Help - my email got hacked! No, it probably didn’t

March 09, 2015

A few times each month, I’ll get a phone call or an email from someone who thinks their email account has gotten hacked into. And why do they think that? Because their inbox is filling up with emails that are bouncing back, that say “This email message could not be delivered”. They might get a few of these bounced emails, or a dozen, or even a hundred. At first glance, it looks like all of these emails were sent from this person’s email account. But in most cases, no one has hacked into their email account.



Let’s say I wanted to send someone an email, and I wanted to make them think it came from someone else. For example, maybe my friend Maria is a big fan of Oprah Winfrey and I want to play a little prank on Maria by sending her an email “from” Oprah Winfrey. Do you know how easy this is to do? Pretty easy.


You do need an email program though, such as Outlook. If you don’t have Outlook, you can use Windows Live Mail (which is free). My email program is Outlook so I will use that for the example screenshots.


If you already use Outlook for your email, it’s already set up with all of your genuine account information – that’s how it’s able to send and receive your email. But for this little trick, you need to go into the email settings and change a few things. The settings window looks like this:



 


You can see there are 3 main sections. In order for your email to send and receive properly in your account, the “Server Information” and “Logon Information” sections cannot be changed. However, with few exceptions, you can put whatever you want in the first section, “User Information”.

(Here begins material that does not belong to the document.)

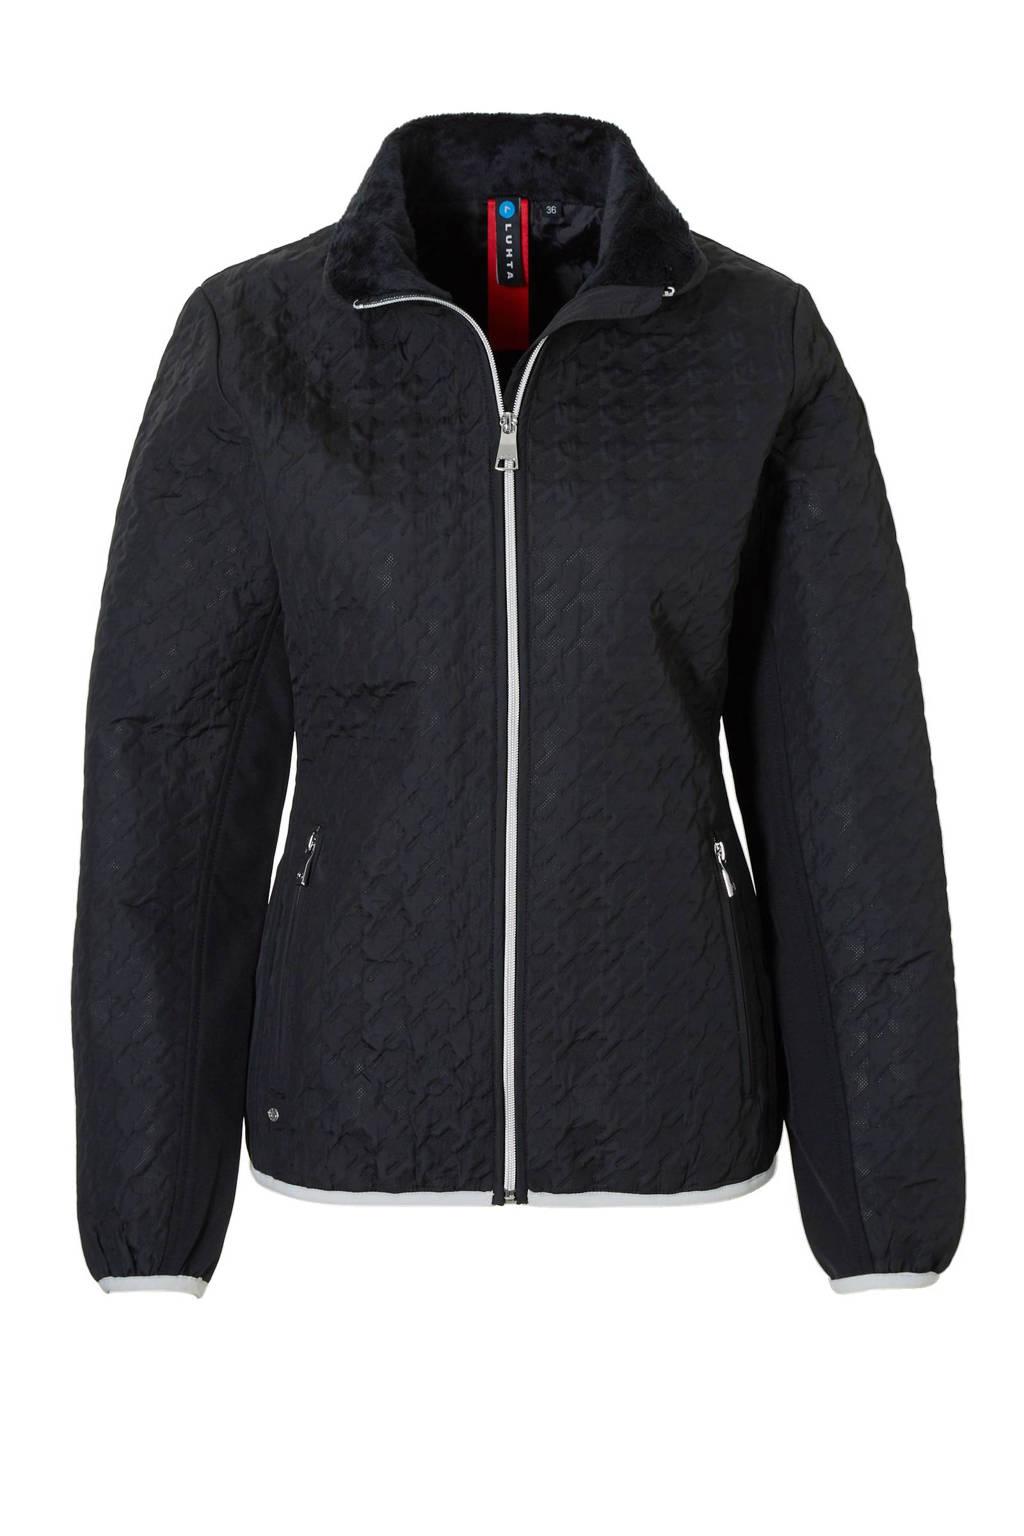 Luhta Beatrice outdoor jas, Zwart

So if we want to pretend we’re someone else that sent the email, we just change the information in that top section. It might look like this (I don’t actually know Oprah’s email address):



 


With those settings in place, I can send out an email to impersonate Oprah. When my friend Maria receives it, she would see something like this:



 


If she clicks “Reply”, her Reply email will be addressed to Oprah@oprah.com (not to me, even though I actually am the one that sent the email). If the email that I sent bounces, it will bounce back to the “From:” address (not to me, even though I sent it). That’s the important thing to note here – anytime an email bounces, it bounces back to whatever address is listed in the “From:” field.


So with that example in mind, let’s look at how this is used in the real world – by spammers.


A spammer might have a list of a million email addresses that he wants to send to. He wants to send his spam email out to those millions of people, but of course he doesn’t want them to know that HE is the one that sent it. So he puts a different email address in the “From:” field. He might even put YOUR email address as the “From:” address.


See where we’re going with this?


He sends out those million emails, and most of them get delivered to the proper recipient (even if they go to the Spam folder, they at least made it to the right email address). But with that many emails, some of them are going to be outdated or incorrect. So they bounce. And guess where they bounce? You guessed it – they bounce back to the “From:” address, and if that’s your email, they start showing up in your inbox.


That’s how you end up with all those bounced emails in your inbox, that appear to have been sent from you, but they really weren’t. And the spammer didn’t have to hack into your email account in order to make that happen. All he needed was an email address, and he happened to use yours. Bad luck for you, but at least your email account hasn’t been compromised.


It’s like if you mailed out 100 letters by snail mail, and instead of your own address in the top left corner of each envelope, you put your neighbor’s address. If the Post Office returned any of those, they would be returned to your neighbor, not you.


How to verify that your email account is safe: just look in the “Sent” folder and see if any of those bounced emails show up there as actually having been sent from your account. If they aren’t there, your account didn’t send them.


Disclaimer: there are exceptions (although very unlikely) to this explanation. And the scammers and spammers are constantly dreaming up new ways to game the system. But for the most part the scenario I talked about is the most common procedure.


And as always, if your email password consists of one or more pronounceable words, or is easy to remember, it’s going to be easy for the bad guys to guess – so change it to a strong one today!